2020-07-08 21:03:52 | 宗教


深井智明の『神学の起源』(教文社)はとてもわかりやすく、著者の聡明さにあふれている。
私の知らなかったことが、いっぱい書いてある。

教会の鐘は、結婚式を祝うためにあるのだ、と私は思っていた。ところが、教会の鐘は、教会が「時を支配」していることの象徴だ、と深井智明は教えてくれる。

朝だ、働くのだ、と教会の鐘が鳴る。昼だ、夕べだ、祈るのだ、と教会の鐘が鳴る。そして、人間の誕生と死をも教会が管理する。

もちろん聖書に、教会の鐘について、何も書かれていない。

イスラム教徒に追われた、地中海の教父や修道士がヨーロッパ内部の森に分け入り、文化的優越者として原住民を教化した。そのとき、教会は、世界を創造した全能の神の「代理店」になり、自然を支配し、時を支配することを示す必要があった。
それが教会の鐘だ。

深井智明はさらに教えてくれる。

神学はイエスの死とともに始まると言う。なぜか?

約束した終末は来ない。神の国は来ない。だから、終末は来ている、神の国は来ている、ただ、終末の「終わり」が来ていないだけ、終末が続いているだけ、と言う必要があった。そう、終末が2千年も続いている。

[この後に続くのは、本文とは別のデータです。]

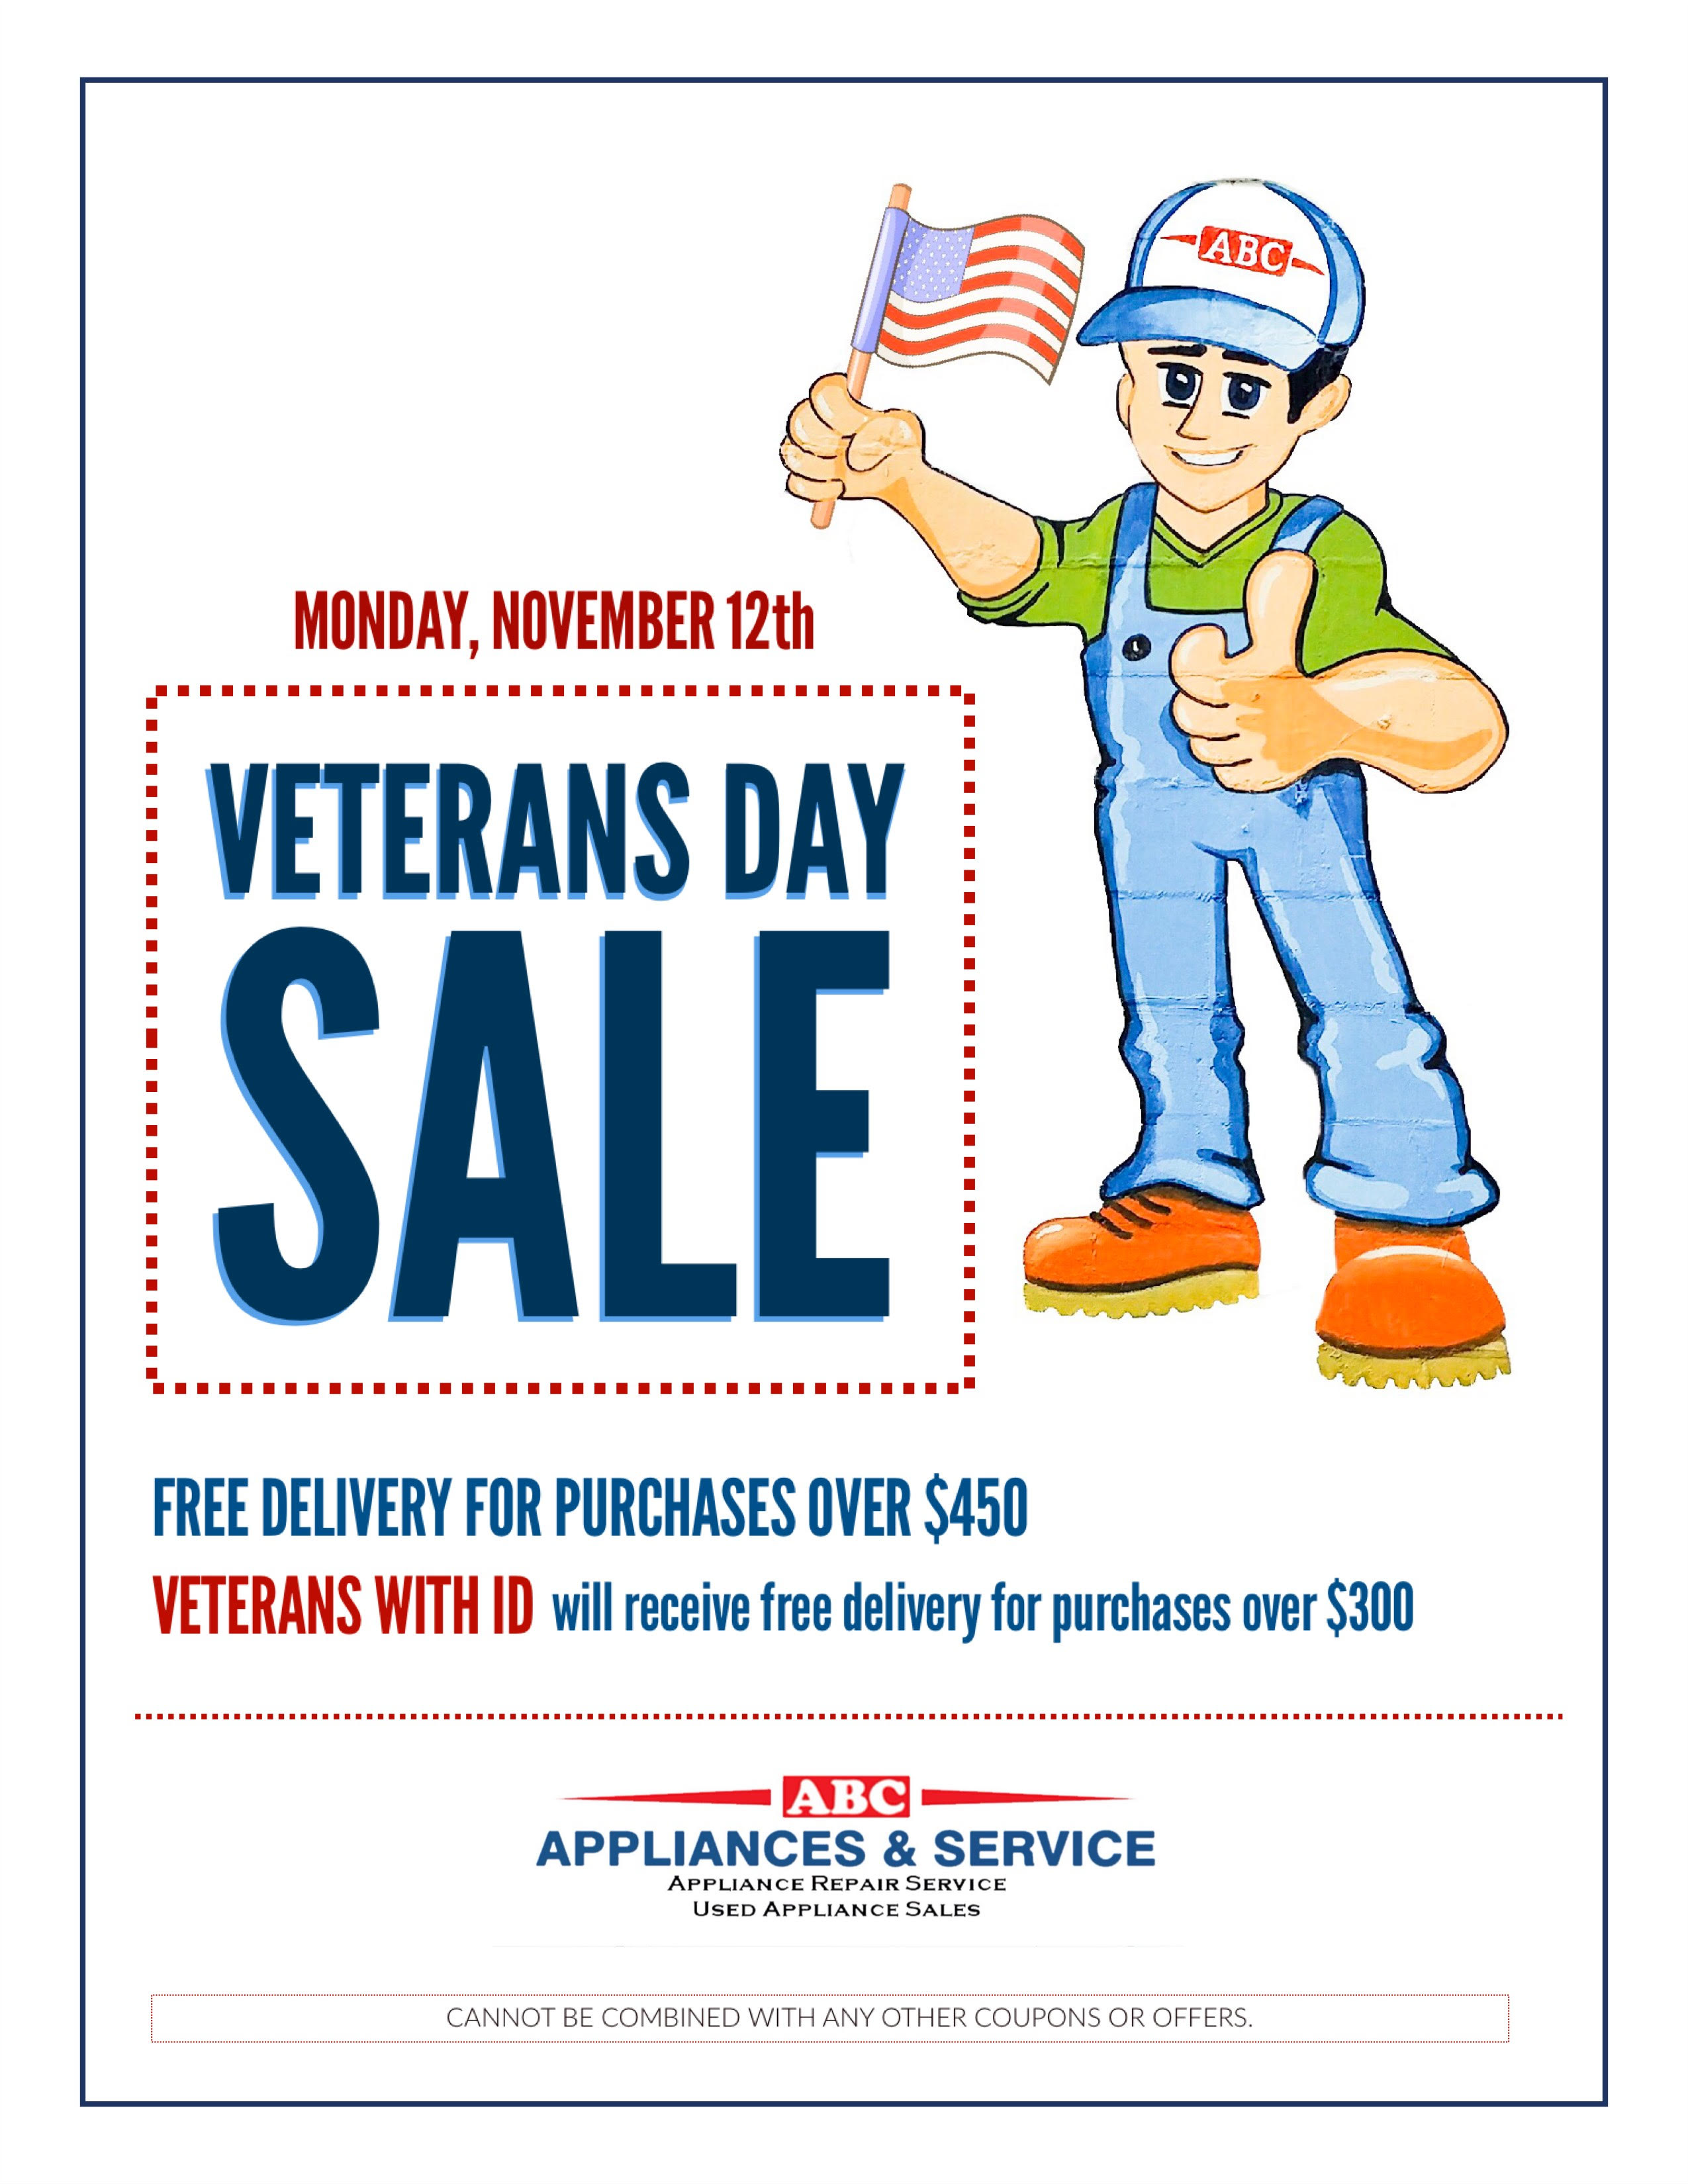 Veterans Day Sale Monday, November 12th!!!

それでは、イエスの死は何なんだろう。尊い犠牲なのだ。しかし、それだと何のための犠牲なのかが問題にある。みんなの罪をかぶって、イエスが死んで、何が良くなったのか。何も変わってないではないか。それで、イエスが超越的なメシアになるために、十字架の上で死んで神のもとに戻る必要があった、と深井智明は言う。

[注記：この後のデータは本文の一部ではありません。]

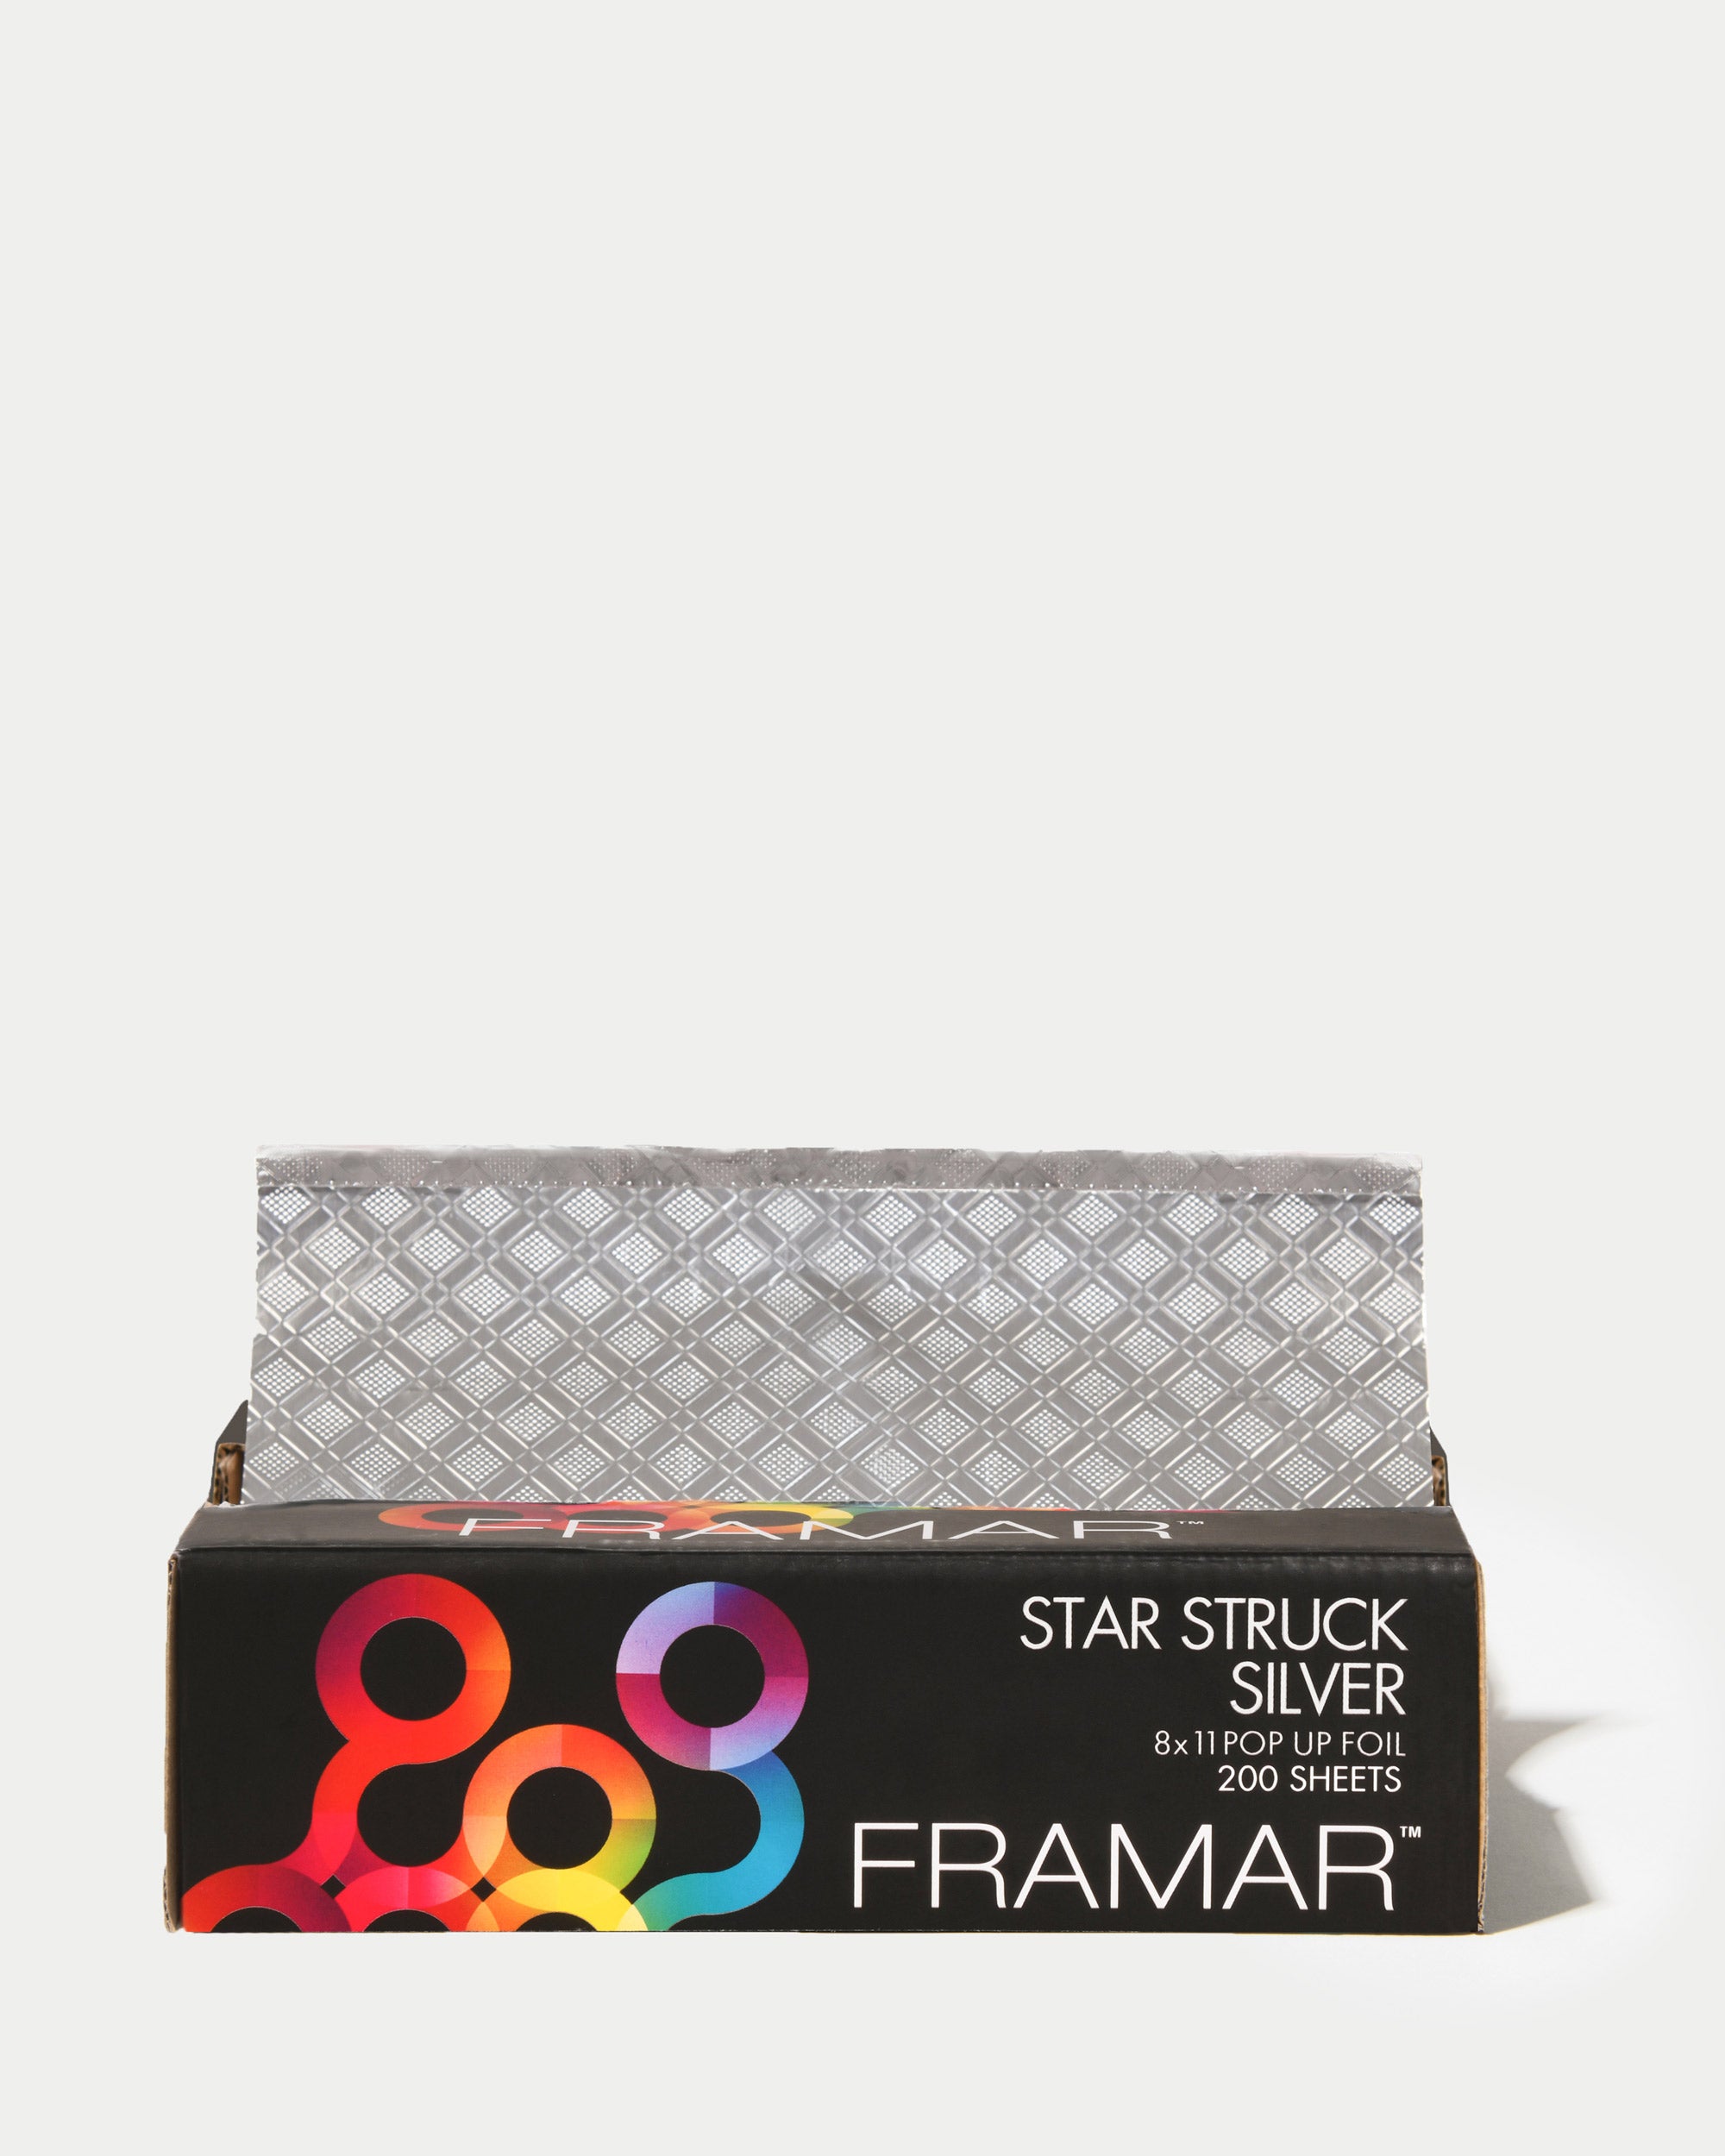 Framar Star Struck Silver Pop Up Hair Foil - Framar Family Hair

それだけでは十分ではない。神の国が来るということは、そのままでは、王の支配が終わることになる。王の支配と教会とが両立するためには、神の国はこの世に来るのではなく、死後の世界のことであるとする必要があった。これによって、キリスト教は国教となれた。

しかし、それだけでも十分でない。天国だけでは、ひとびとは教会の言うことをきかない。教会は恐怖を与える必要がある。神学は地獄を発明した。そして、天国への入国許可書を教会が管理する根拠を与えた、と深井智明は言う。

神学は、現実への弁明である。

しかし、深井智明は、われわれはイエスに戻ることはできないし、意味がない、と言う。宗教は社会に合わせて変わり発展するのだ、と言う。

一方、私にとって、イエスは、辺境の地ナザレに、大工(日雇い工)の子として生まれた、反逆の人である。
宗教を商売のネタとしていた宗教都市エレサレムに攻めのぼって殺された人である。

このことを、もっと評価してよいはずである。
史的イエスにもっと興味をもってよいはずだ。